> [Records provided]
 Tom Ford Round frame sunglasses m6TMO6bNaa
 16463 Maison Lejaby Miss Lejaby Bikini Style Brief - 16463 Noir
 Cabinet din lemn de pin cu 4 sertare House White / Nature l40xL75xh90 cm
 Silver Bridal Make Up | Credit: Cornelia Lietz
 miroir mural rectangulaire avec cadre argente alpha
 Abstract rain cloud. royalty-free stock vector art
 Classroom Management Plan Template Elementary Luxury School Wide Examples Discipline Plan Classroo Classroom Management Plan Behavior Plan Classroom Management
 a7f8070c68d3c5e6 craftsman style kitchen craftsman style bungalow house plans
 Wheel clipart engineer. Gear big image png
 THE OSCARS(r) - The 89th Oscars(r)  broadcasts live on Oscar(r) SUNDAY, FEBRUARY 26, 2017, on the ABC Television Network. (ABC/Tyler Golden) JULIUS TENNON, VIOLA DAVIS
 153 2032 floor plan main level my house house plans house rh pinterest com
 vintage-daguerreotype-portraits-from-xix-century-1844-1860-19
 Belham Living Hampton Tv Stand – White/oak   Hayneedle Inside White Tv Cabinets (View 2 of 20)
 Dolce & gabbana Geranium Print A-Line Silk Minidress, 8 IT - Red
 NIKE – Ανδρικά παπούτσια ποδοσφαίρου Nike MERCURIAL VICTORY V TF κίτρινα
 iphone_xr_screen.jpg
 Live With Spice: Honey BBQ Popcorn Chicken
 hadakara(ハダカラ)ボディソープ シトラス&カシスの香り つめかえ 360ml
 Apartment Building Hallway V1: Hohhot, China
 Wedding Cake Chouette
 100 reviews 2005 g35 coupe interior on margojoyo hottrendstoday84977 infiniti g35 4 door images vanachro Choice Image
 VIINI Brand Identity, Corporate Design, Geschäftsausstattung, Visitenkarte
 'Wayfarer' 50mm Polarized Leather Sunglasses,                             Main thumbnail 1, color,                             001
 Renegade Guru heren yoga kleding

> [Directions for this task] Determine how many lines of the entries contain the string "plans", and reply with nothing but the number.

> [Answer space] 2